Майкл быстро учился, более того, ему это нравилось, и он с большим энтузиазмом относился к каждой подробности процесса. Однако я не была уверена, что он не преследует и какой-то другой цели. Пару раз я поймала его на том, что он рассматривает меня, будто и я какой-то неизвестный ингредиент, с которым непонятно, что делать: то ли чистить, то ли варить.

Однажды он довольно неуклюжим движением откинул волосы с моих глаз, и мне вдруг пришло в голову, что, возможно, у него есть склонности к парикмахерскому искусству. Поэтому я позволила ему немного поиграть с моими волосами. Какой-то прямо стереотип, подумала я: парикмахер-гей. Совершенно очевидно, что он был геем.

Его французский всё еще был плоховат, но, когда я внезапно спросила о его сексуальной ориентации, он отлично всё понял и сразу расклеился, разразившись обильными рыданиями.

Теперь понимаю, что это был его «каминг-аут», и мои слова просто открыли шлюзы вины, подавленности и мучительной путаницы. Мне удалось понять, что он сохнет по своему другу Оливеру, возлюбленному своей сестры Лоры. Catastrophe. Я обещала, что никому не скажу, и договорилась о его встрече с Морисом, нашим соседом, который был открытым геем и немного говорил по-английски. Я надеялась, что Морис просто даст Майклу хороший совет, поэтому очень разозлилась на него, когда стало известно, что тот повел Майкла в гей-клуб. Пожалуй, это слишком стремительное развитие событий, хотя мне-то какое дело? В конце концов, оба взрослые люди.

Так что теперь я неплохо узнала Оливера и Майкла. Лора была тем человеком, который объединил их, и вскоре она тоже появилась в моей жизни. Она оказалась милой девушкой, может, чуть избалованной, и ей не нравилось, что Оливер с Майклом находились весь день в доме и она видела их только по вечерам, весь день работая с остальными в саду. Поэтому, когда однажды она упала в обморок и ее принесли на носилках, я, мягко говоря, отнеслась к этому с подозрением, посчитав за уловку, чтобы проникнуть в дом и привлечь к себе внимание. Но она была очень бледна и явно больна. Я отвезла ее к деревенскому врачу, и (с ее разрешения) он сказал мне, что Лора беременна.
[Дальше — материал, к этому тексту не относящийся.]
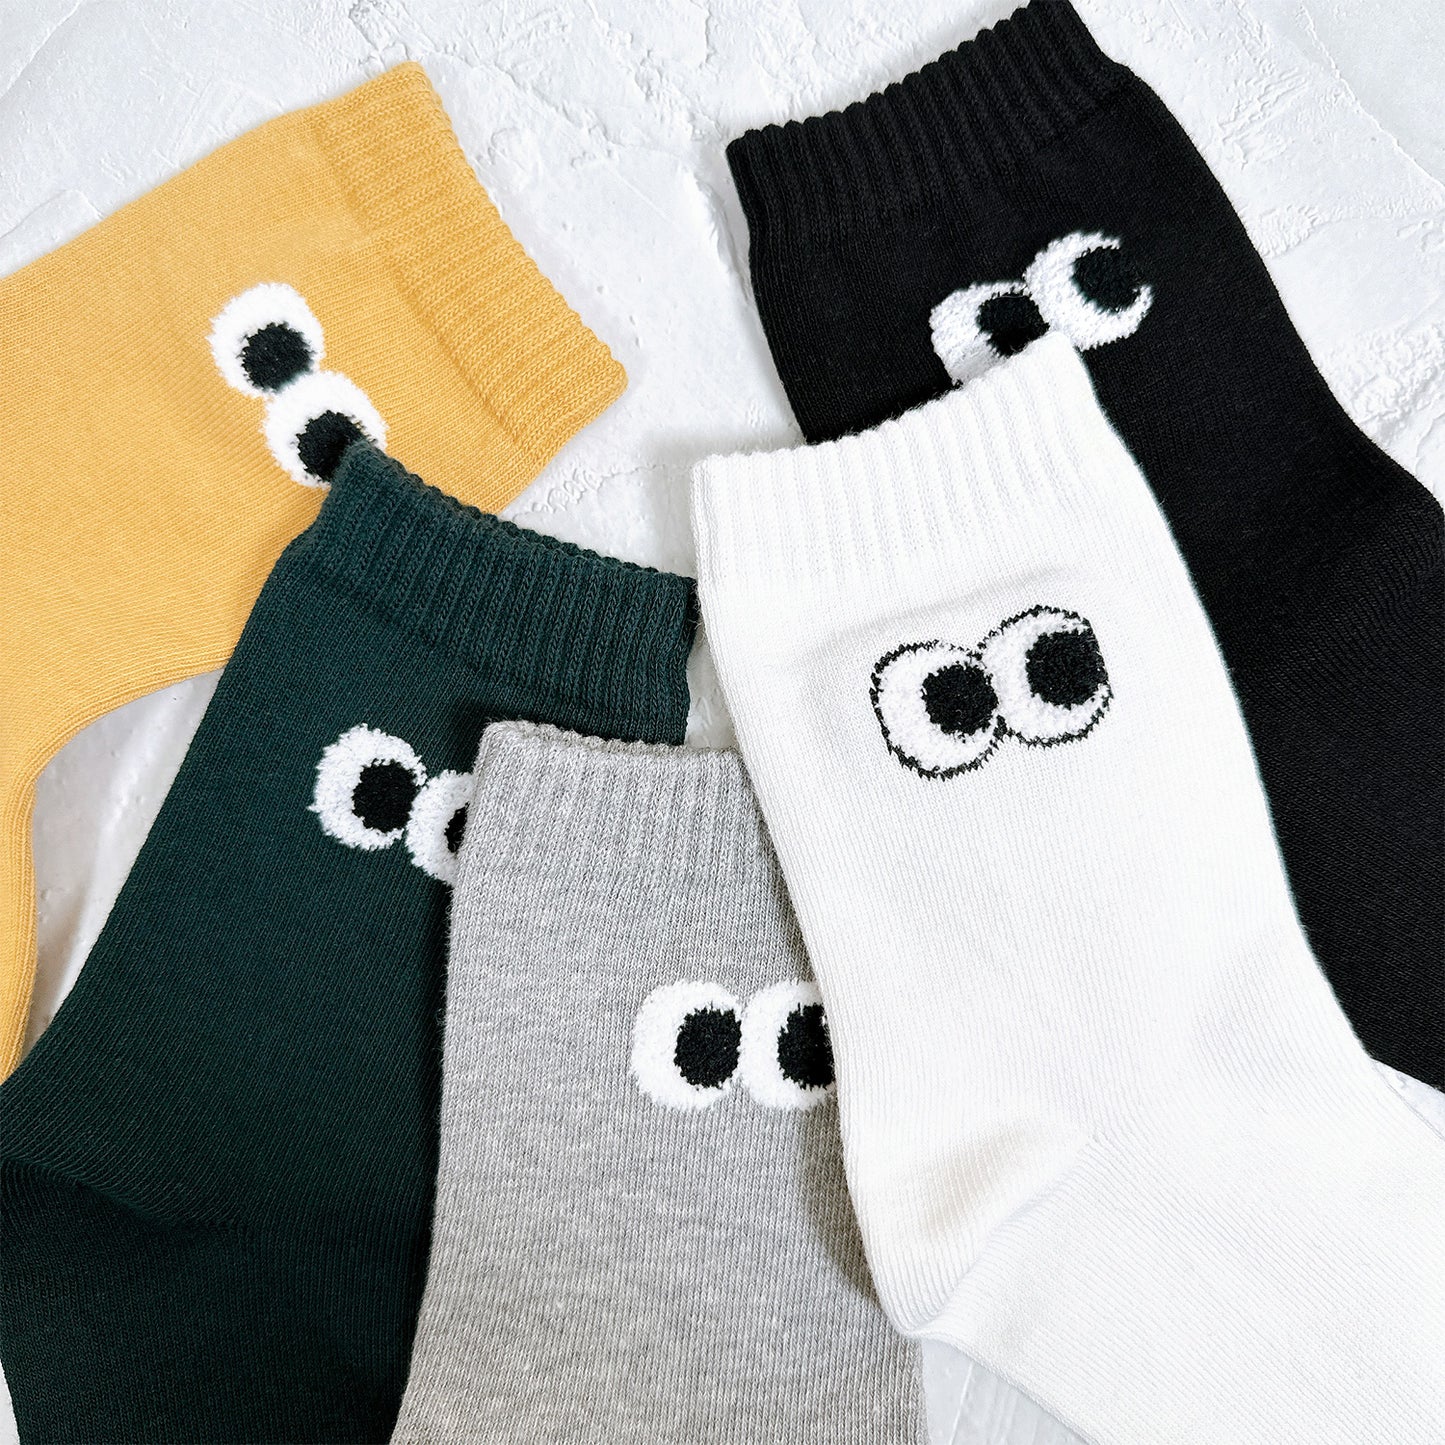 Women's Crew Daily Circle Eyes Socks - Made in Korea
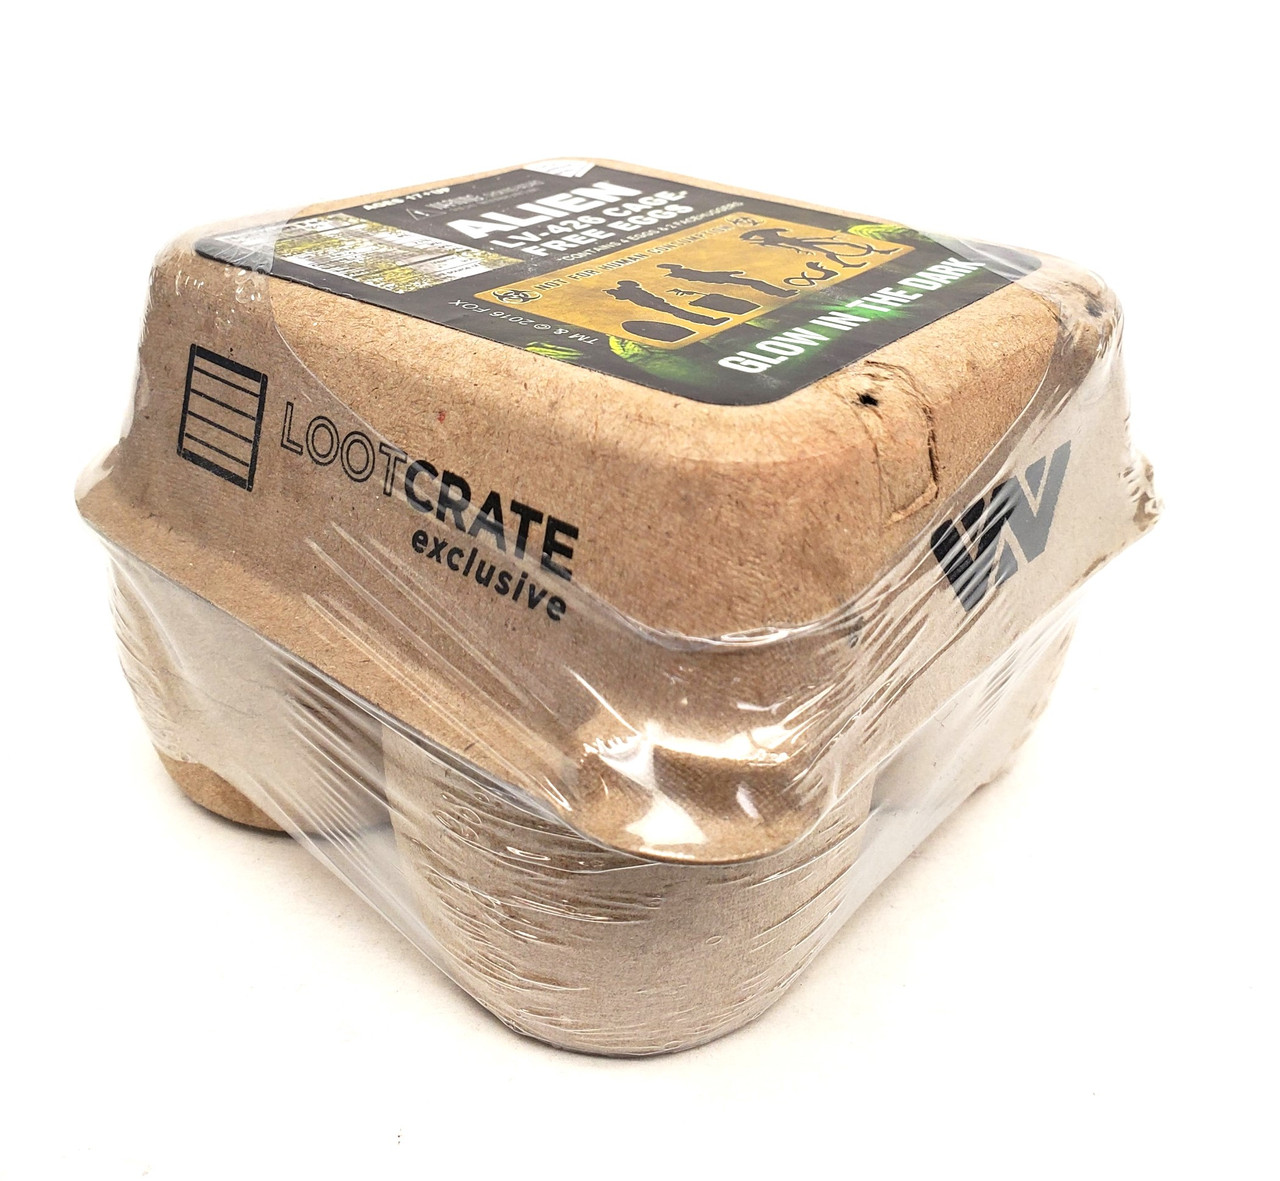 NECA Alien Egg Carton Glow-in-the-Dark Alien Eggs Accessory Pack (4 Pack)  Loot Crate Exclusive

Сначала я разозлилась. В первый же год работы с иностранными сезонными рабочими сначала проблемы с африканцами, а теперь еще и это. Я несла ответственность за своих работников, а неадекватное поведение Лоры означало, что всё началось у нее уже давно. Есть же способы избежать беременности, в конце концов! Не говоря уж о воздержании. Мне хотелось поговорить с ней спокойно. Но она плакала и боялась, что я попрошу ее покинуть поместье. Было непонятно, что делать. Она умоляла меня ничего не говорить Оливеру, боясь, что это станет концом их отношений, хотя для меня было очевидно, что их отношения уже в любом случае в прошлом. Вместо нее он влюбился в мою семью.